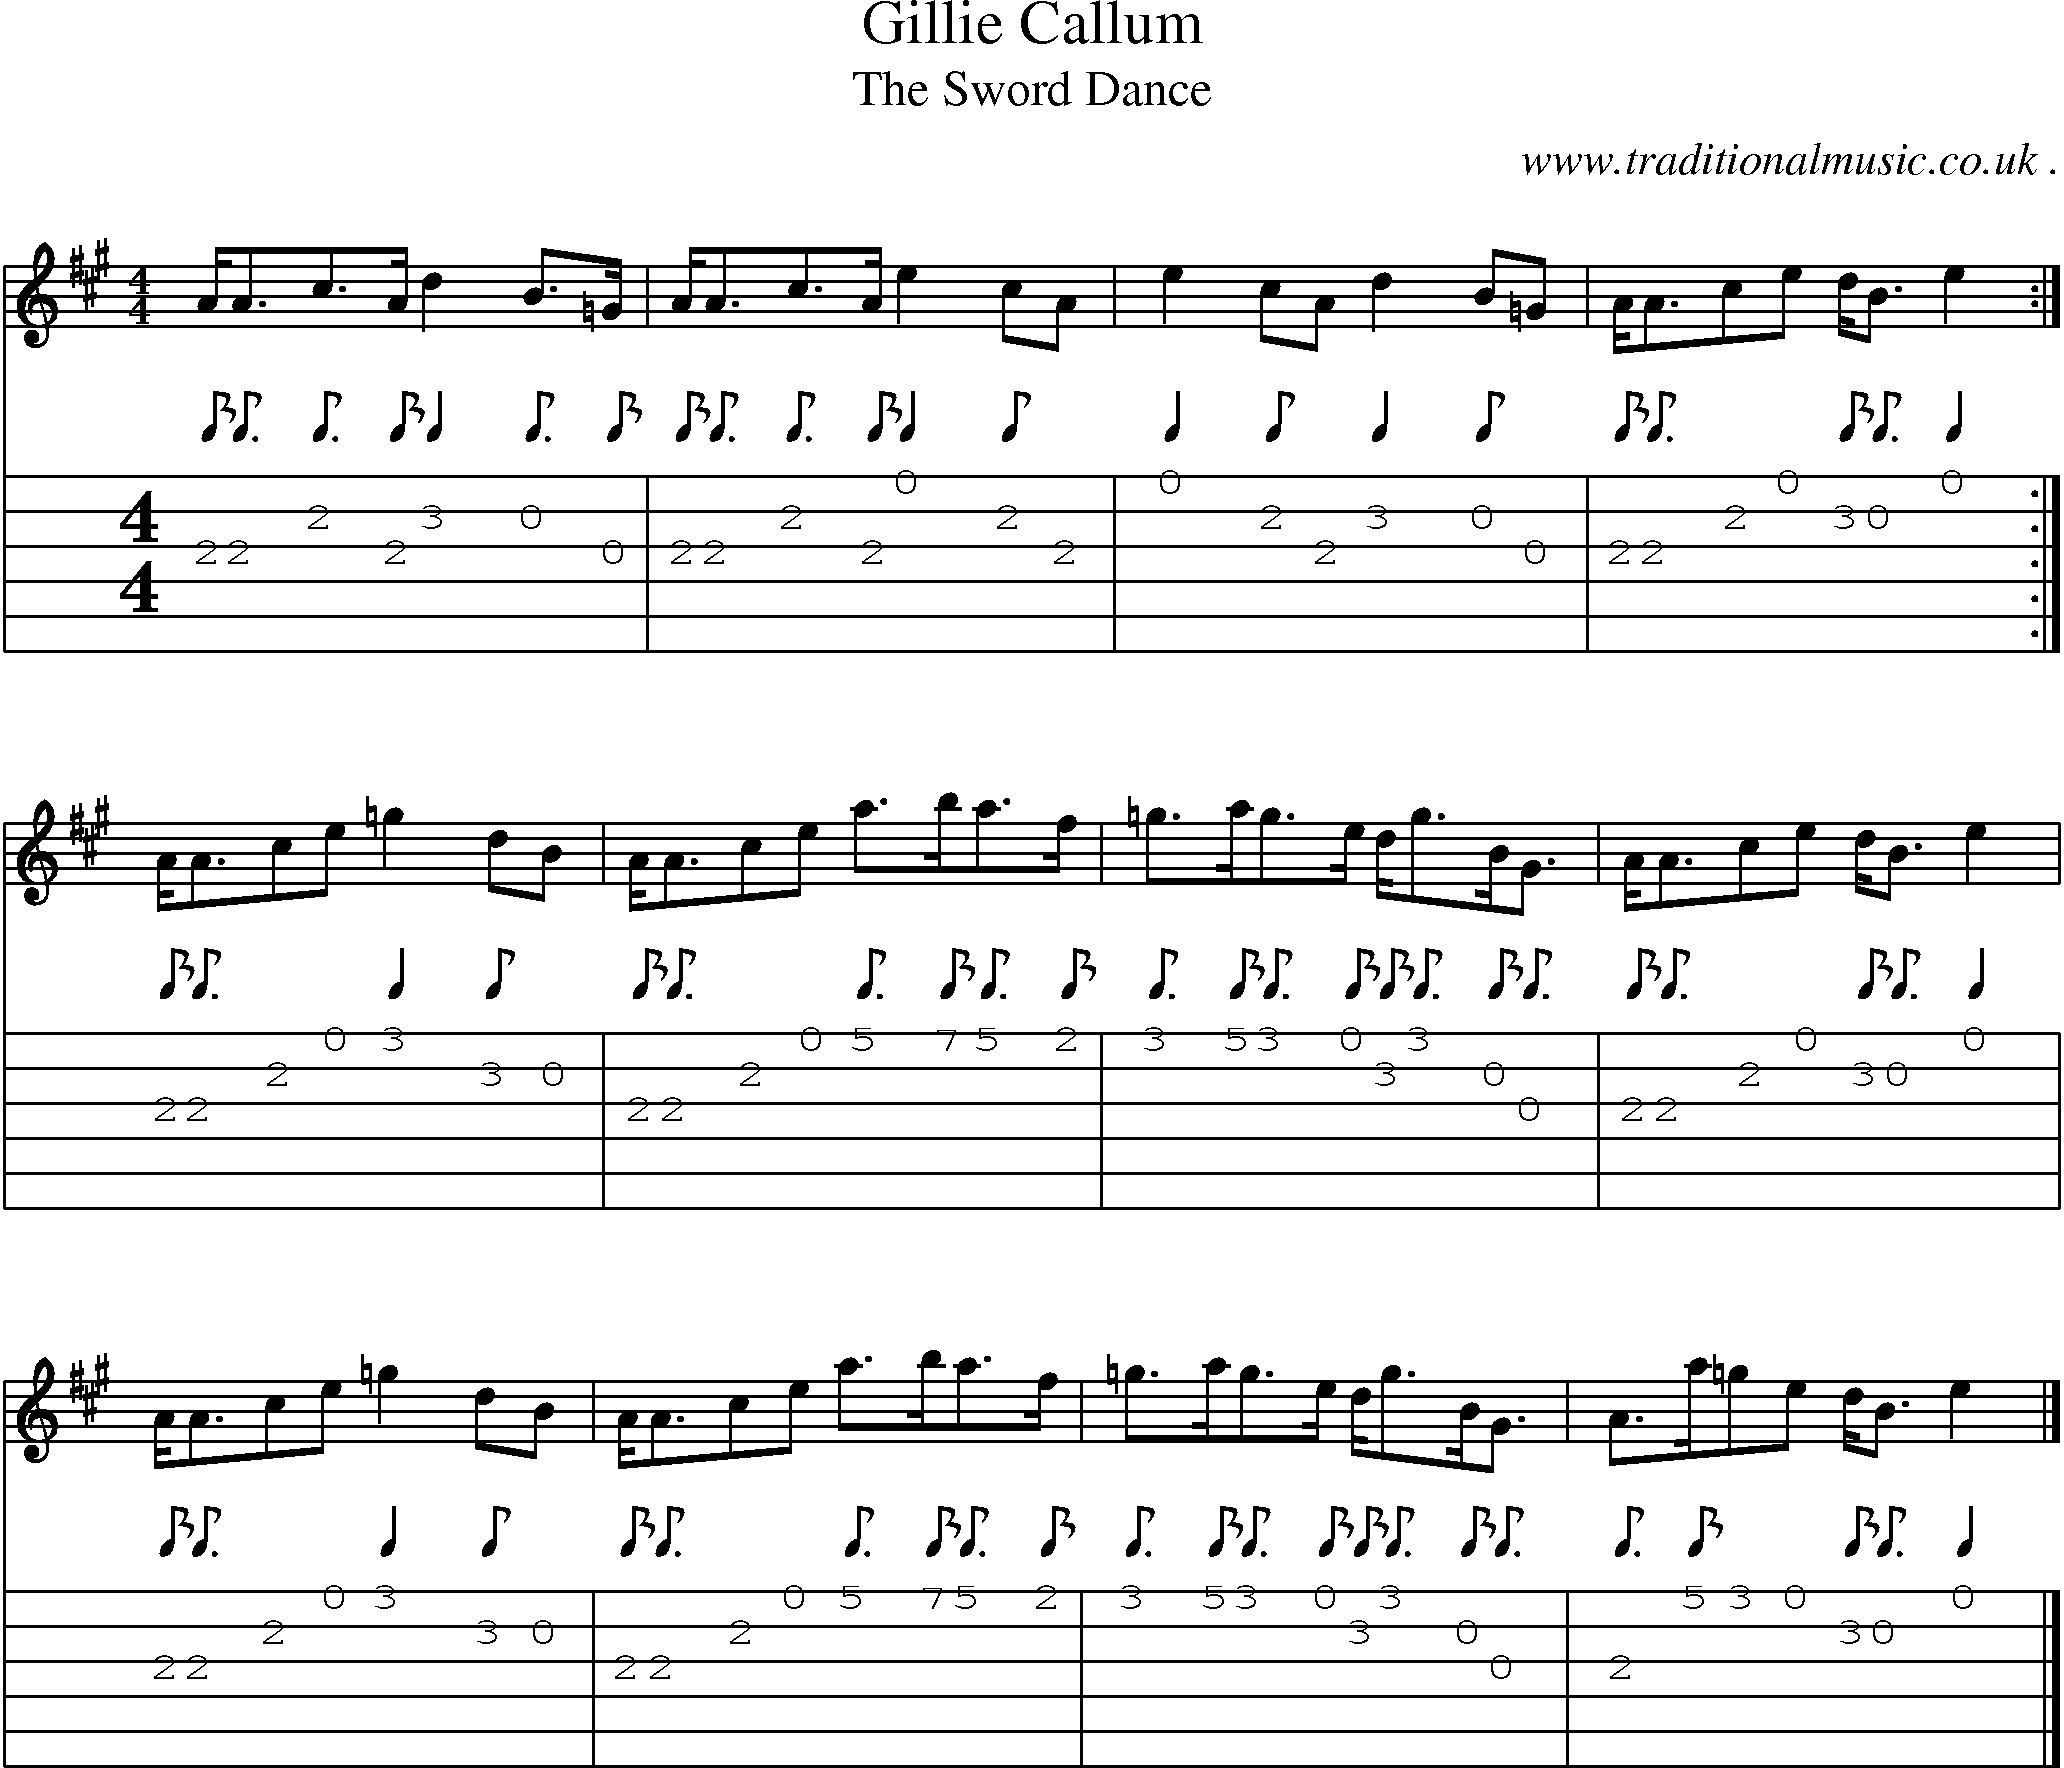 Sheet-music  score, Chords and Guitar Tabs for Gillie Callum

==

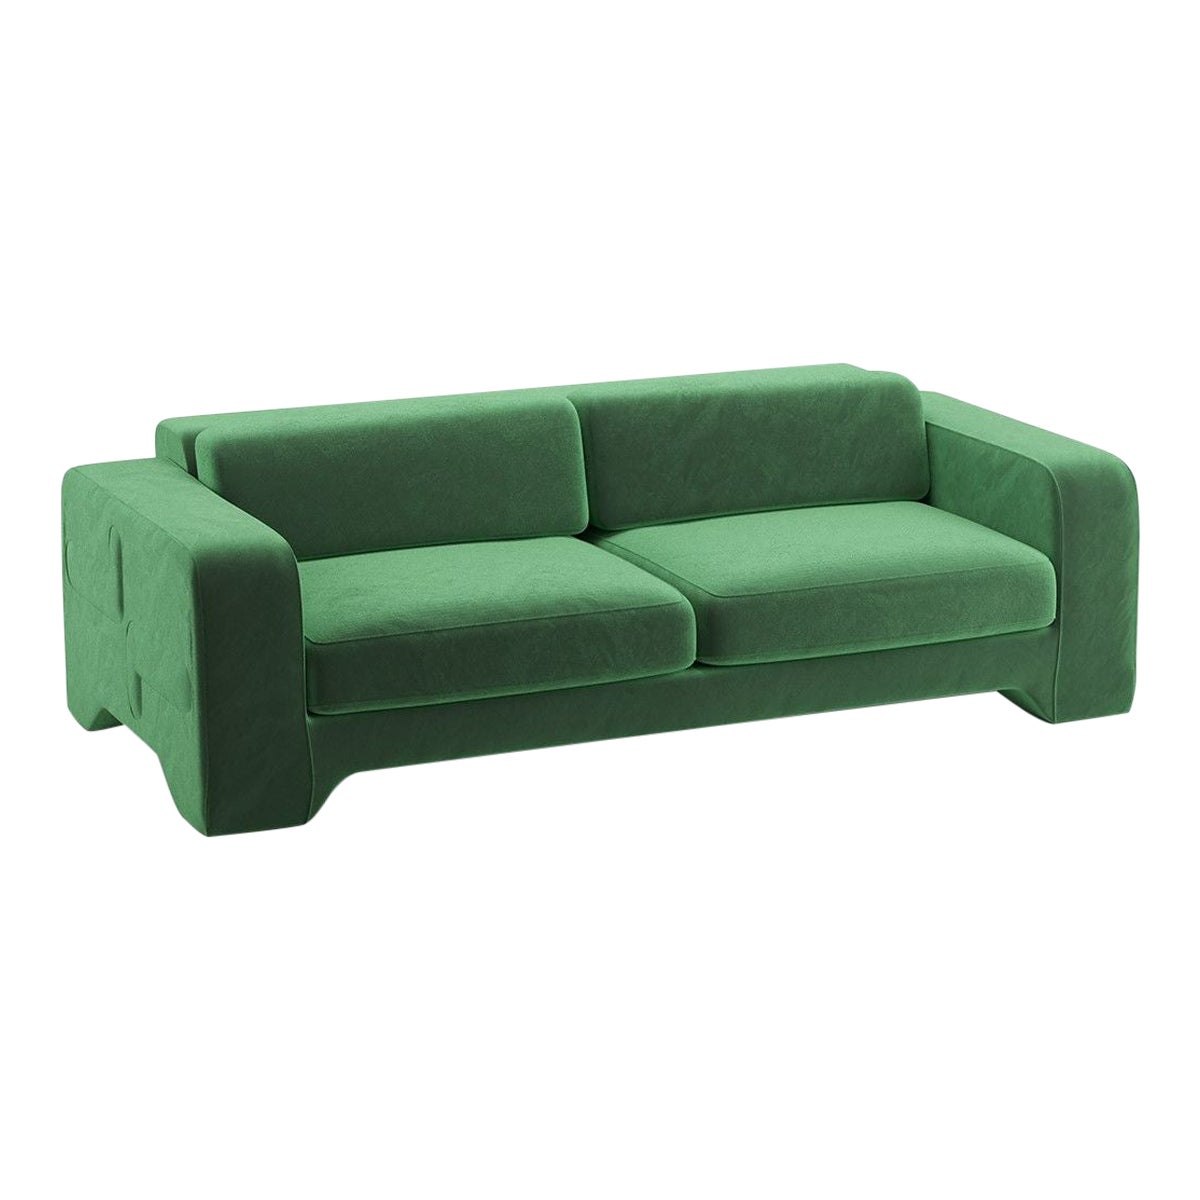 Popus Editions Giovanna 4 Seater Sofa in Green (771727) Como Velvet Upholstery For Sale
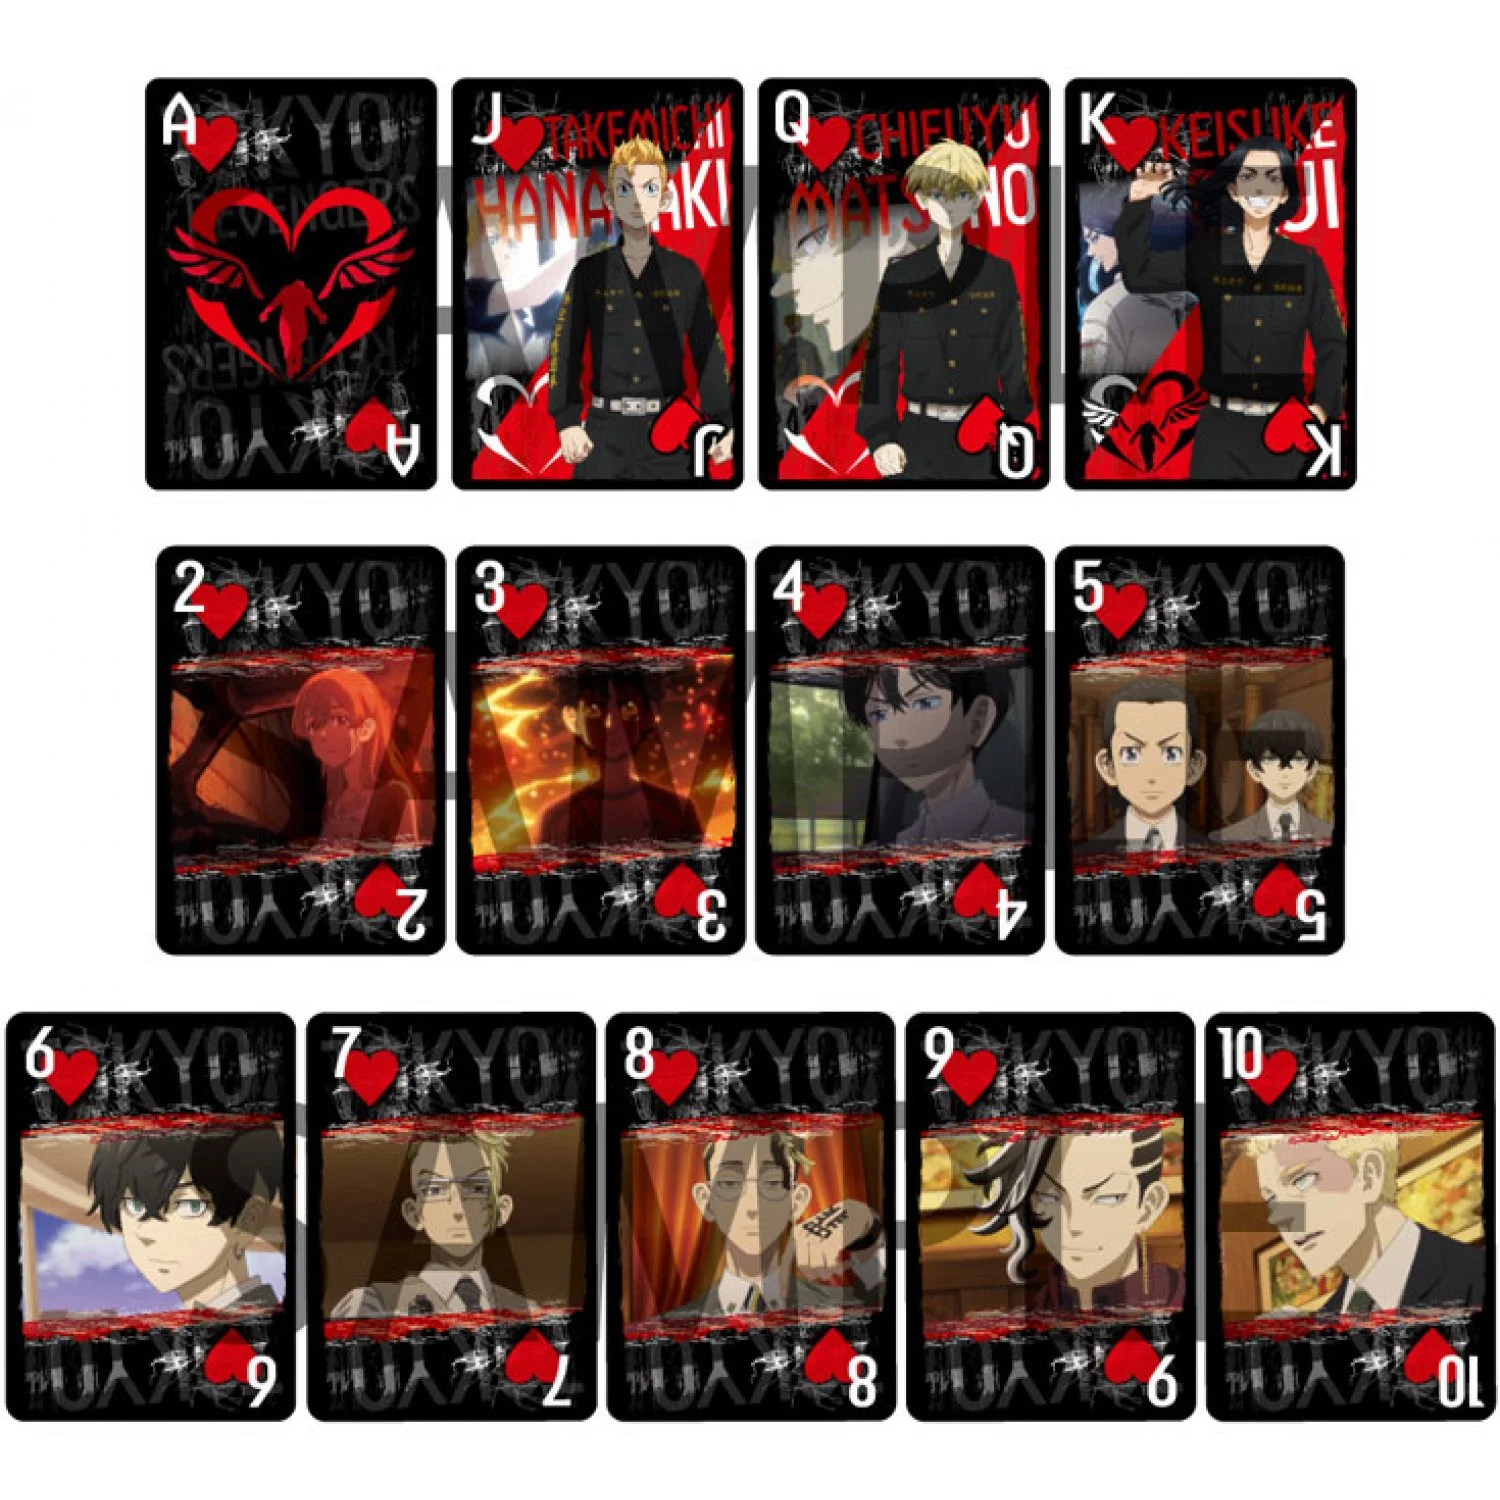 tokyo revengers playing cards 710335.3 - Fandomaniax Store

* * *

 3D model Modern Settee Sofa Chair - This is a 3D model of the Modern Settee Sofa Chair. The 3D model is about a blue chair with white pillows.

▶ **Problem to work on**: Starting at the line that contains "Popus Editions Giovanna" and ending at the line that contains "tokyo revengers playing", transcribe the material above exactly, excluding pictures.

▶ **Solution below**:
 Popus Editions Giovanna 4 Seater Sofa in Green (771727) Como Velvet Upholstery For Sale
 tokyo revengers playing cards 710335.3 - Fandomaniax Store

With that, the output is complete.